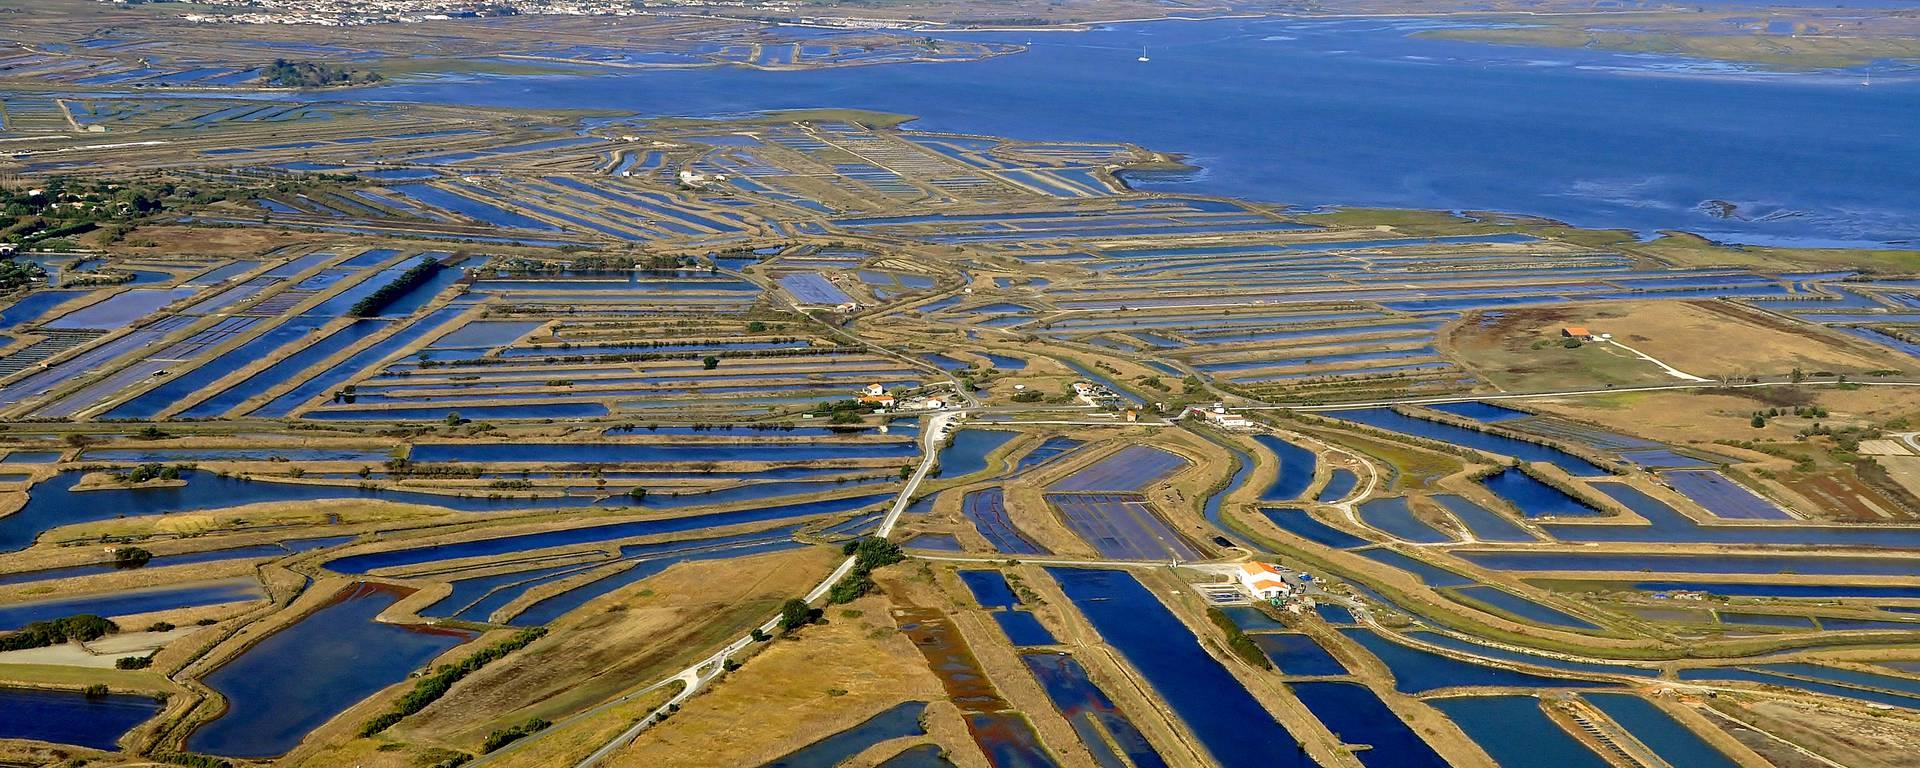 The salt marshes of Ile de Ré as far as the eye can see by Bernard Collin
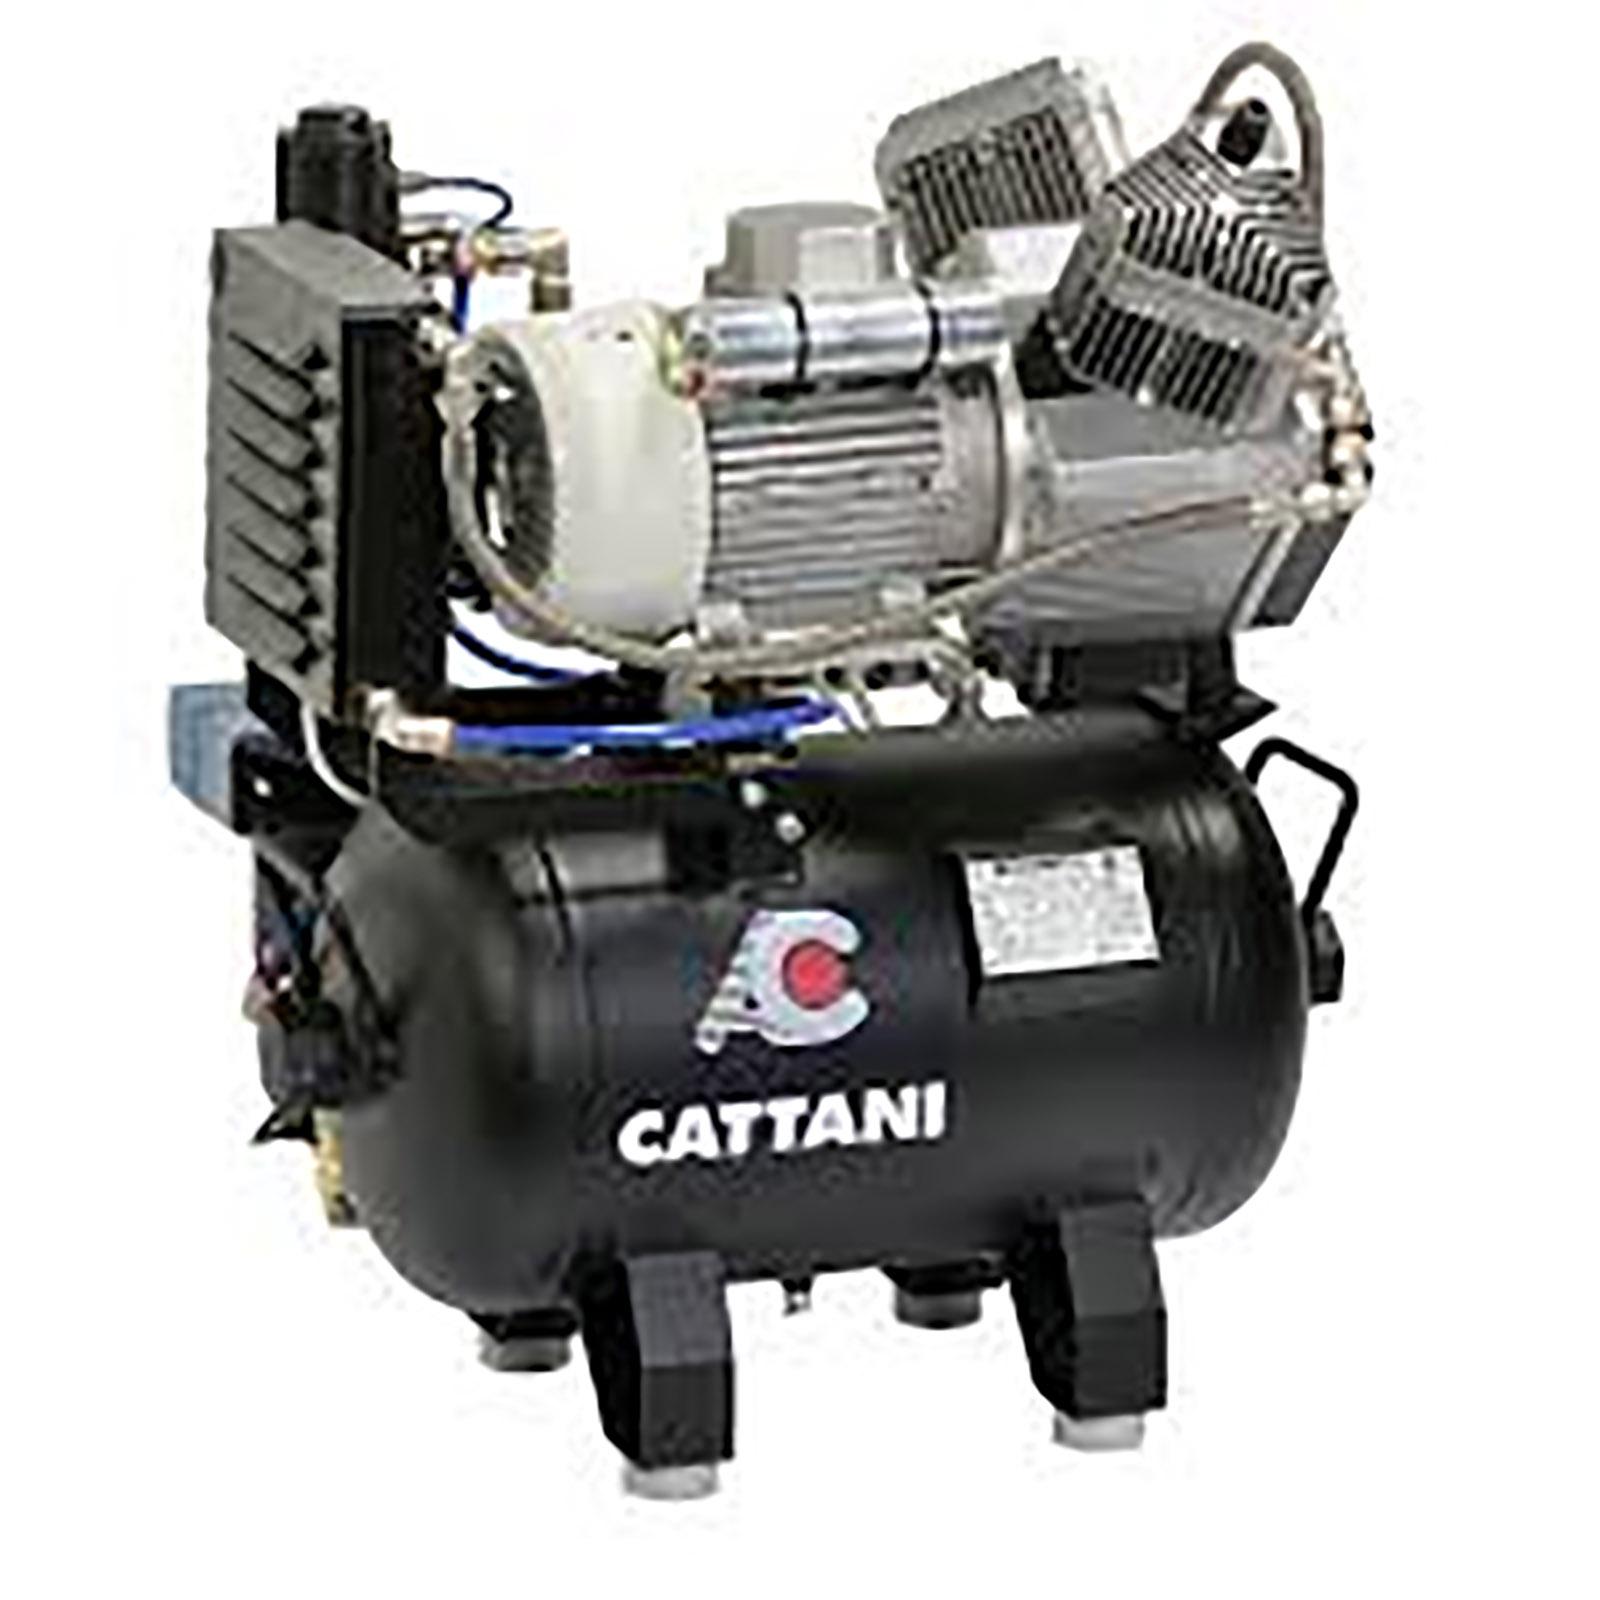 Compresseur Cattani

++++++++++++++++++++

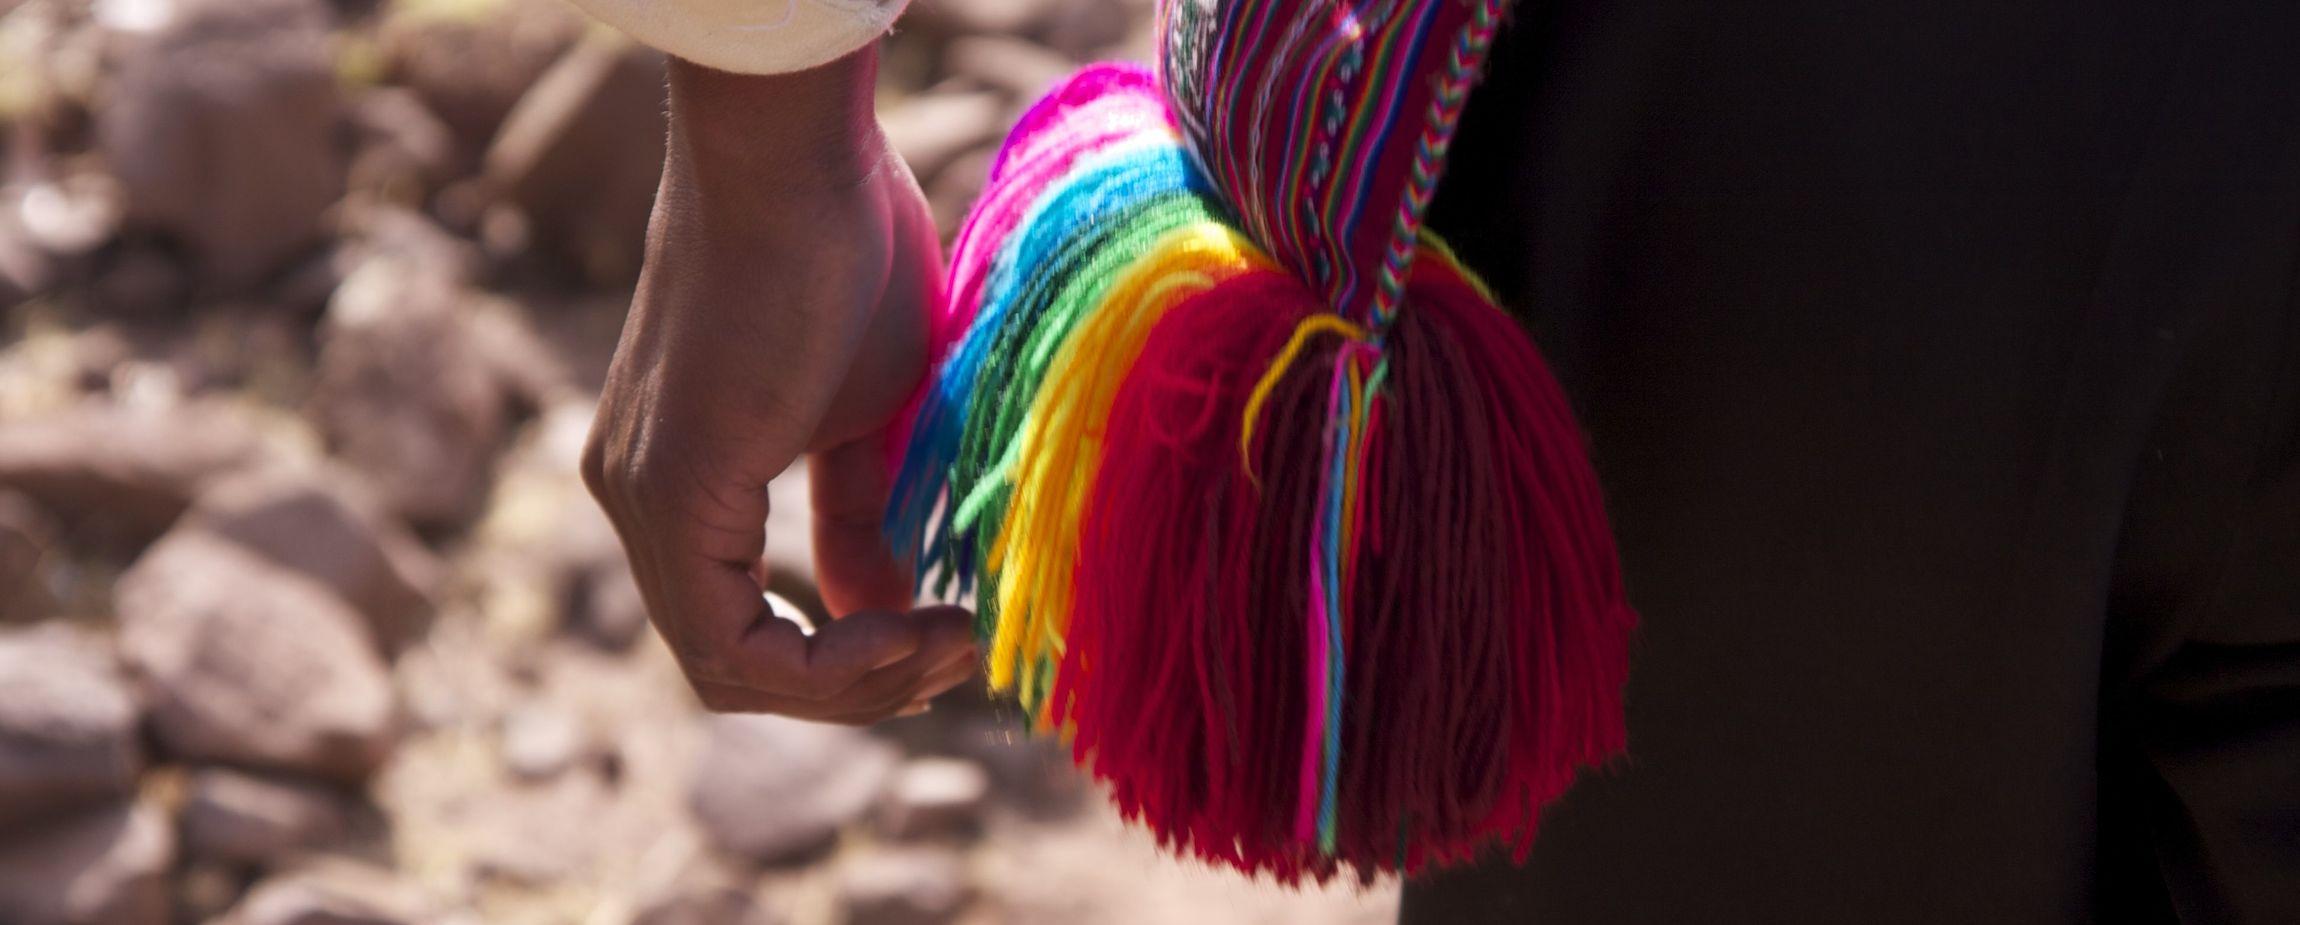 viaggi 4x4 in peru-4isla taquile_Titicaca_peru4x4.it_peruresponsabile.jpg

++++++++++++++++++++

Using the records above, return word for word the lines that begin at the one containing "The salt marshes" and end at the one containing "Compresseur Cattani", both of them included and no pictures.

(Result of this task):
 The salt marshes of Ile de Ré as far as the eye can see by Bernard Collin
 Compresseur Cattani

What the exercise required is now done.